◆ **EXERCISE PROMPT**:
Your response should contain each line of the data that includes "wedding".
------------------------------------------------------------
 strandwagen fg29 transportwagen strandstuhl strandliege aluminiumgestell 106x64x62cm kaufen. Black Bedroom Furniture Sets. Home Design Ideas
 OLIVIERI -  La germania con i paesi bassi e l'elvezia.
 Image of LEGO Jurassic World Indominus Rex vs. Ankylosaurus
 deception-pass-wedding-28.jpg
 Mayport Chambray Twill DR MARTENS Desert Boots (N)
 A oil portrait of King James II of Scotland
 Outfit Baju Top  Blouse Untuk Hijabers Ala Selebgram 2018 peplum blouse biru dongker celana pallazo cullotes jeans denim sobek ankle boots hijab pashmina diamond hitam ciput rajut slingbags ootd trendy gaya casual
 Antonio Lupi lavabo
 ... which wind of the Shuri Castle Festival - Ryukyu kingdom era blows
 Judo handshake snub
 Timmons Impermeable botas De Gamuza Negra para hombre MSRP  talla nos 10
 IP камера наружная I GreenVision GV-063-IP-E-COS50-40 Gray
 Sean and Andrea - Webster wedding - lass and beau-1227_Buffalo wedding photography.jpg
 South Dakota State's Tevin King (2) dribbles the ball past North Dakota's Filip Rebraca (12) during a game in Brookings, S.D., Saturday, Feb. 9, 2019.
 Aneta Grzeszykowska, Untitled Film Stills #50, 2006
------------------------------------------------------------
◆ **RESULT BELOW**:
 deception-pass-wedding-28.jpg
 Sean and Andrea - Webster wedding - lass and beau-1227_Buffalo wedding photography.jpg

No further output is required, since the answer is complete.